Fourth, regular meetings, and excellent efforts by suppliers and team members, resulted in both supplier A and C being certified within twelve months. After two years both suppliers met minimum acceptable scores in all five areas and exceeded minimum acceptable scores in two areas. Fifth, business was awarded on the basis of annual audits with one supplier being awarded 70% of annual requirements and the other supplier being awarded 30% of annual requirements. Each year the annual audit is used to reevaluate supplier share. Diagnosing the situation, determining the direction of change, use of effective communications, monitoring and adjusting the change process, and using the psychological contract all worked together to achieve the desired change in suppliers A and C.
Change Management Among Buyer and Supplier Departments. In the previous example, changes in the interactions among buyer and supplier engineering, cost, quality, scheduling, and management personnel required change efforts within each firm and between buyer-supplier pairs of firms. Key issue in managing change among multiple departments included (1) developing well thought out processes for supplier evaluation and certification by the buyer, (2) insuring that the cultures of the firms are compatible - or at least not incompatible, (3) the thoroughness of preparation by all individuals, (4) complete documentation of the roles of all departments in buyer and supplier firms, (5) the development of working relationships through regular meetings, (6) the continuous emphasis of trust and good faith in all dealings among all individuals, and (7) having conflict management processes in place.

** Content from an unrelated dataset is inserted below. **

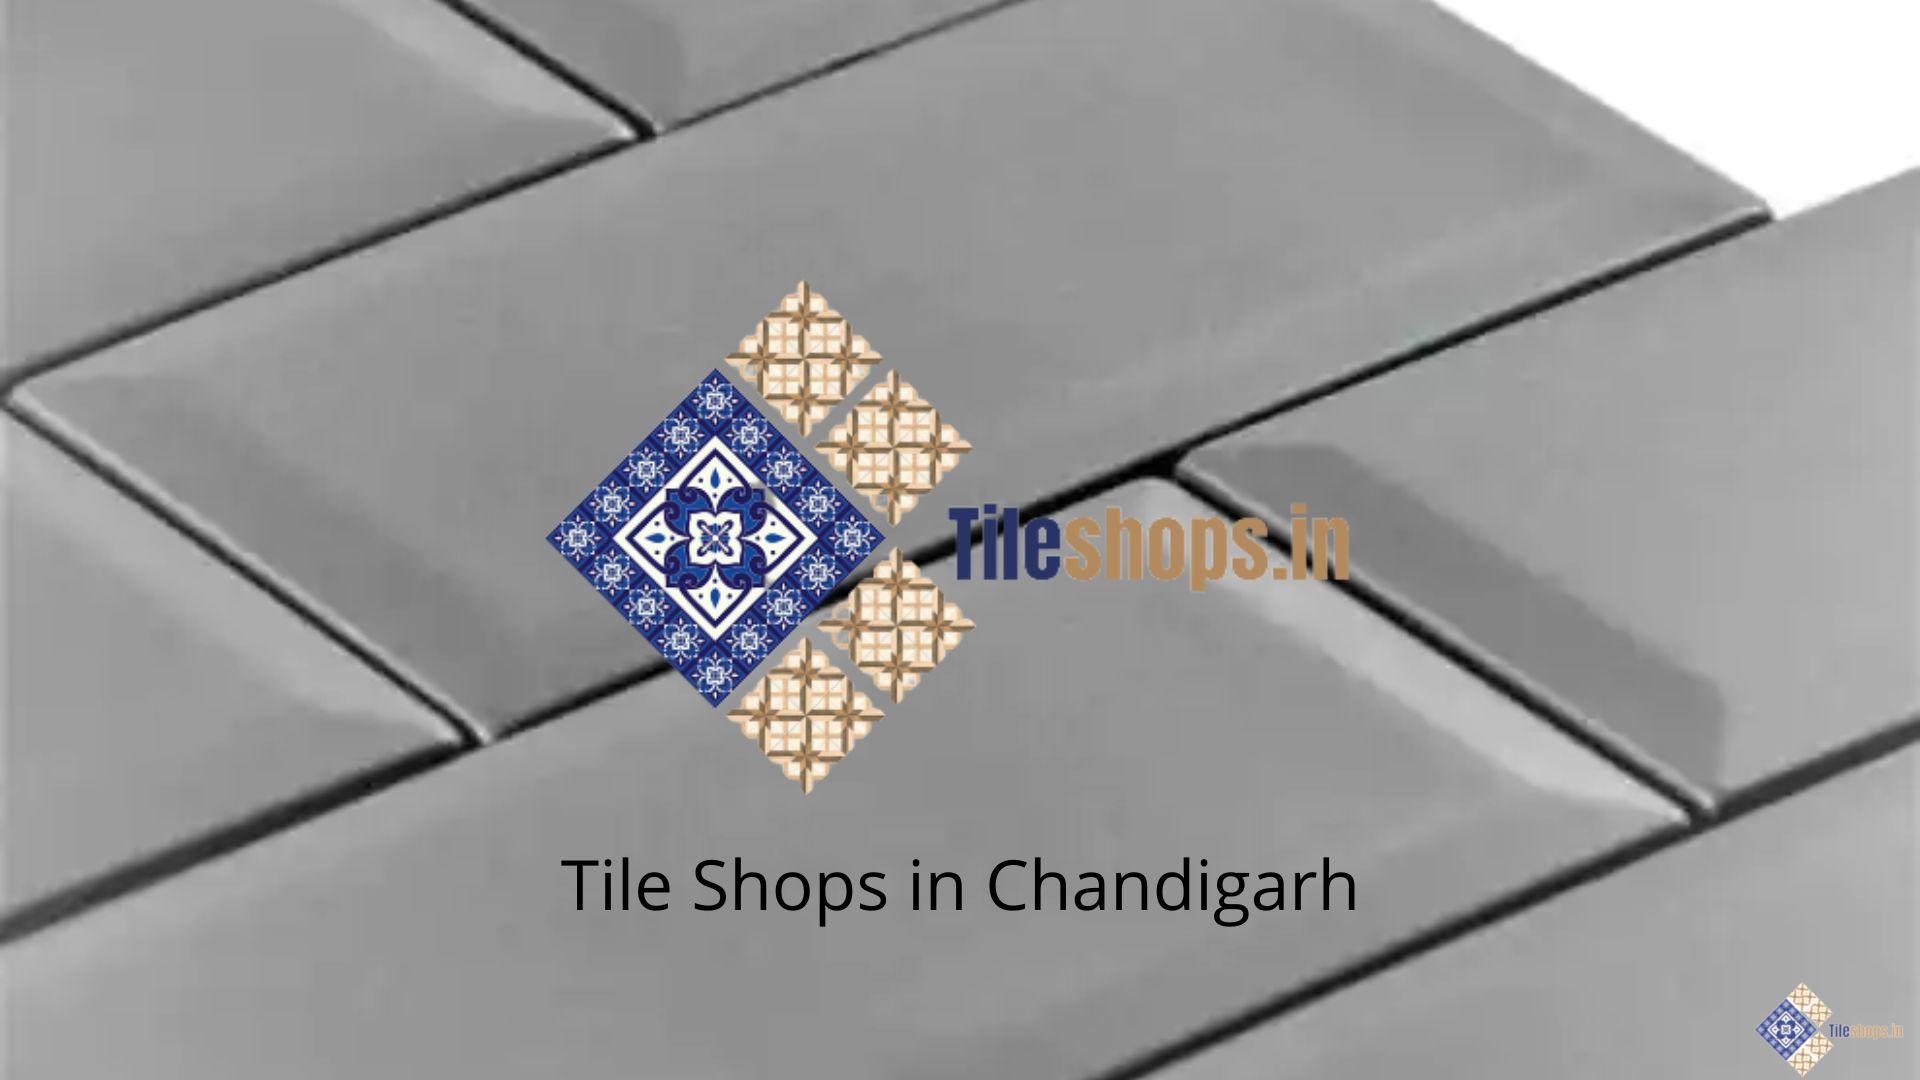 Tile Shops in Chandigarh

CONCLUSION. The insights provided in this paper are applicable to change management within the purchasing department, with suppliers, and among multiple departments of buying and selling organizations. The six fundamental steps of creating the awareness of the need for change, diagnosing the situation, determining the direction of change, effective communications, monitoring and adjusting the change process, and managing resistance to change provide a useful framework for purchasing professionals in all three situations.
Managing change within purchasing departments, with suppliers, or among multiple departments of buying and selling firms is always challenging. However, the concepts of change management can help these processes work more successfully, smoother, faster, and with less stress.